My love for each of my children’s individual birth mothers is beyond definition. To my knowledge, there is no word yet created, in any language, that describes the intimate bond that is created when one woman places a piece of herself into another woman’s arms to raise, protect, and love. I’ve heard some compare that relationship as one of “sisters,” or “maternal,” or “best friends.” But, how I feel? I love my daughter’s birth mother so completely that she is part of my heart, embodied in every cardiac cell, wound so tightly around my heart that I cannot think of one thing that she could do that would make me love her less. This is called pure, untainted, and unconditional love. Unconditional love isn’t based on her making good, healthy decisions. It isn’t based on her location, her treatment of me, her occupation status, her pain, or her joy. I love her when she’s struggling. I love her when she’s at peace and happy. My heart hurts when she hurts. My heart celebrates her great triumphs. My heart needs to hear her voice when it has been a while, just to know she’s okay. My heart delights as I watch her with her daughter and when I see things they share and have in common with each other. My heart over flows as I watch her include my son, who is not her biological child.

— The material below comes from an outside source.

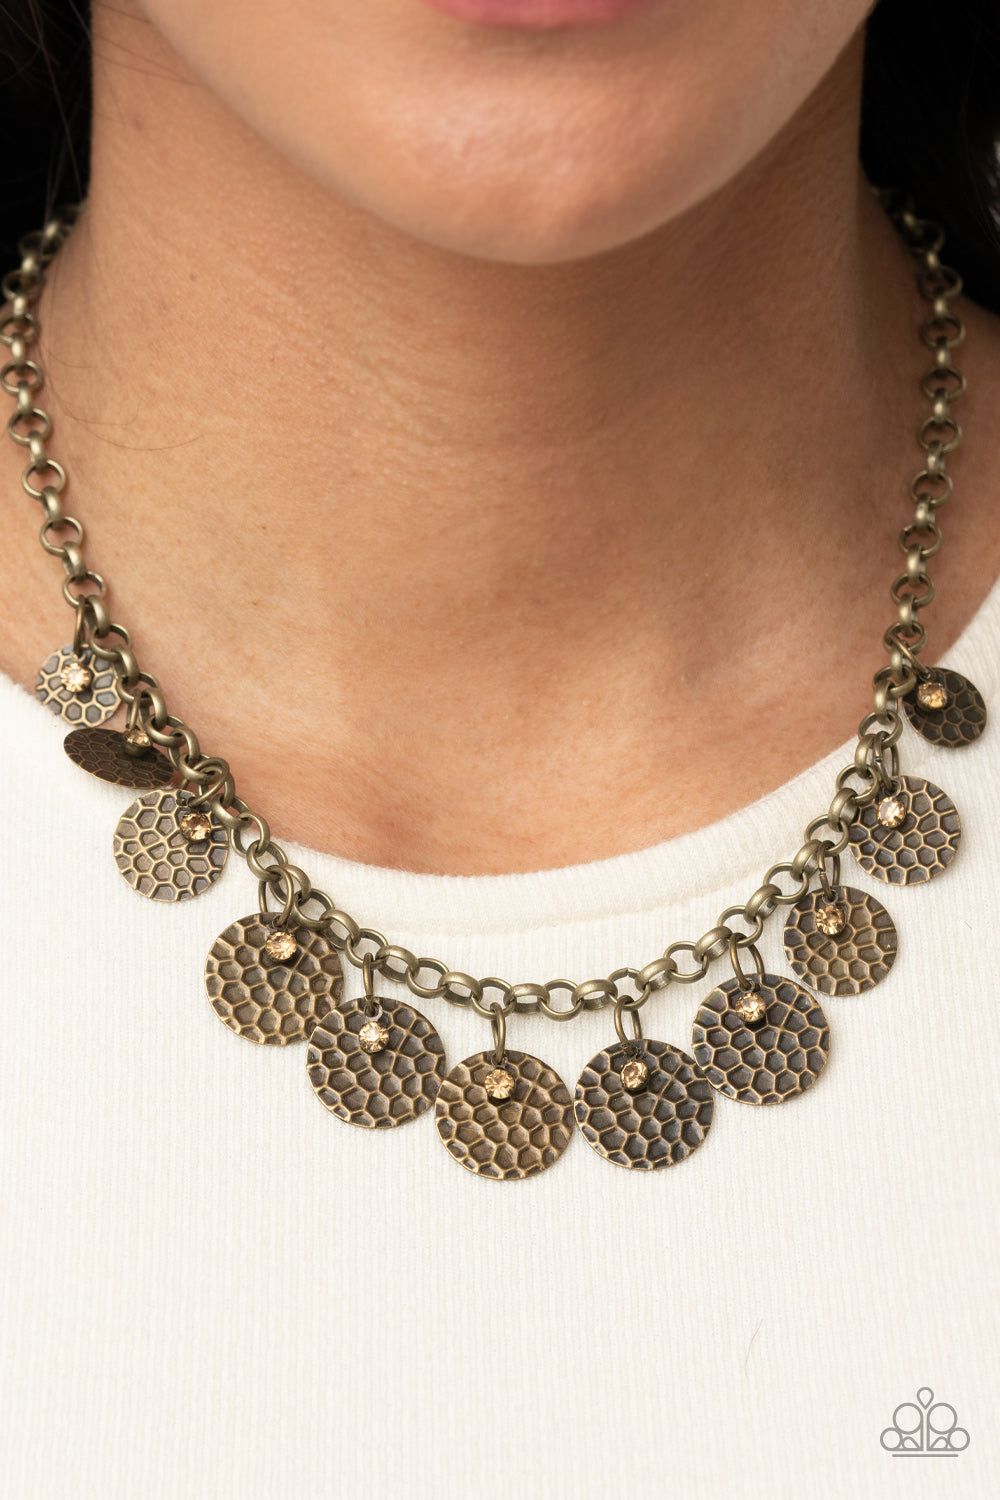 PRE-ORDER - Paparazzi Delightfully Dappled - Brass - Necklace & Earrings - $5 Jewelry with Ashley Swint
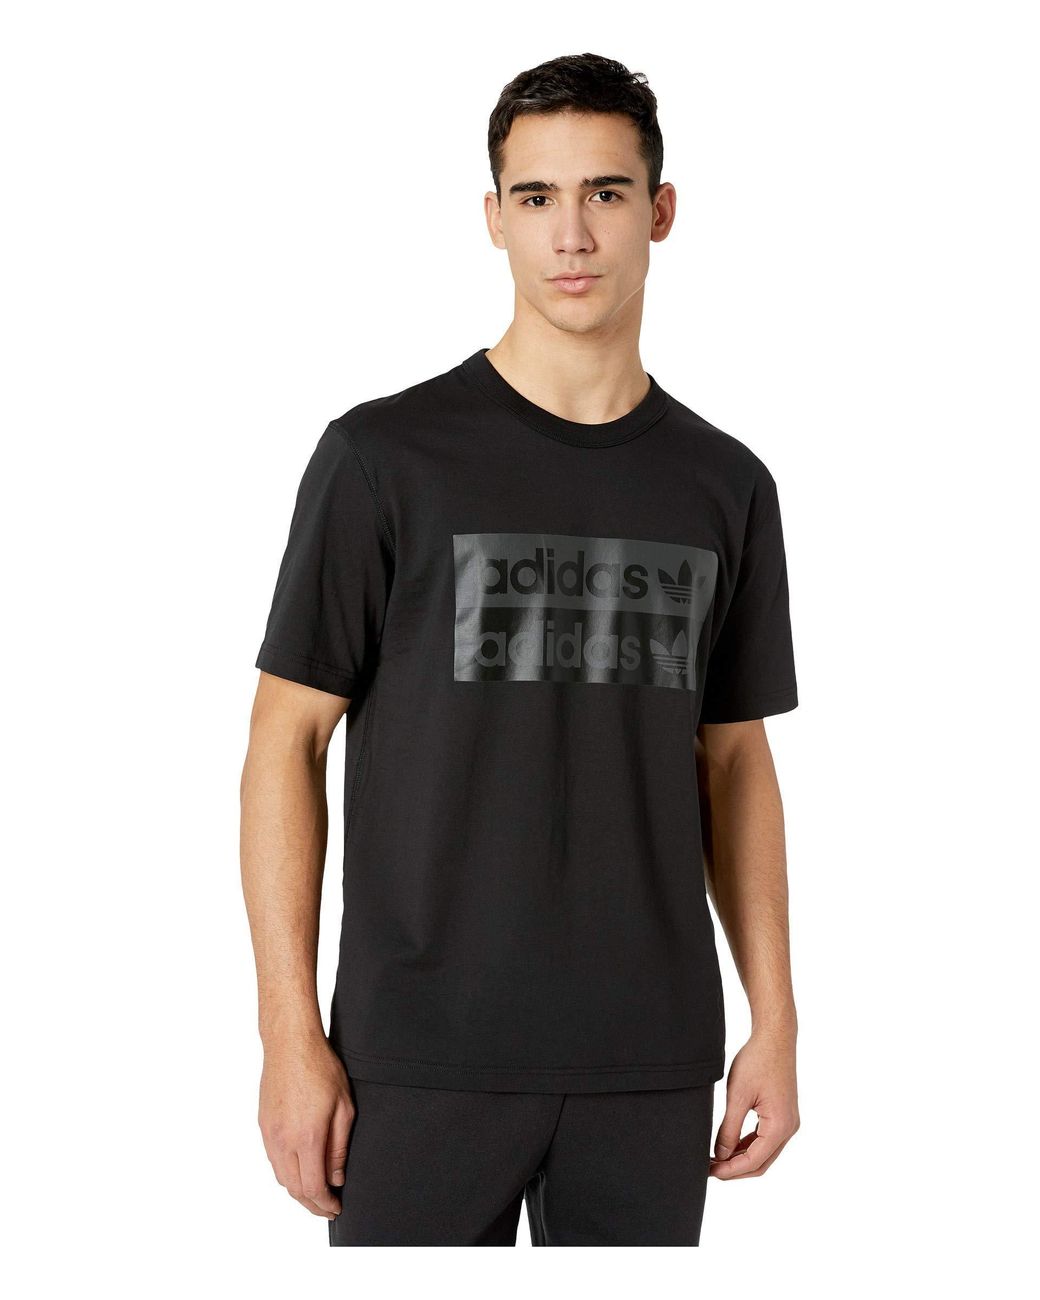 adidas Originals T-shirt in Black for Men - Lyst

So, when you have questions and wonder what it is like to love a birth mother, please remember this: She is more than my sister, best friend, or family; She is the only other person on the planet that is my daughter’s mother, my son’s mother. What a wonderful honor it to share the title of “mother,” and our unique roles and purposes, with them. We are their mothers. So, please, don’t make an assumptive comment about someone who means so much to me, my children and my family.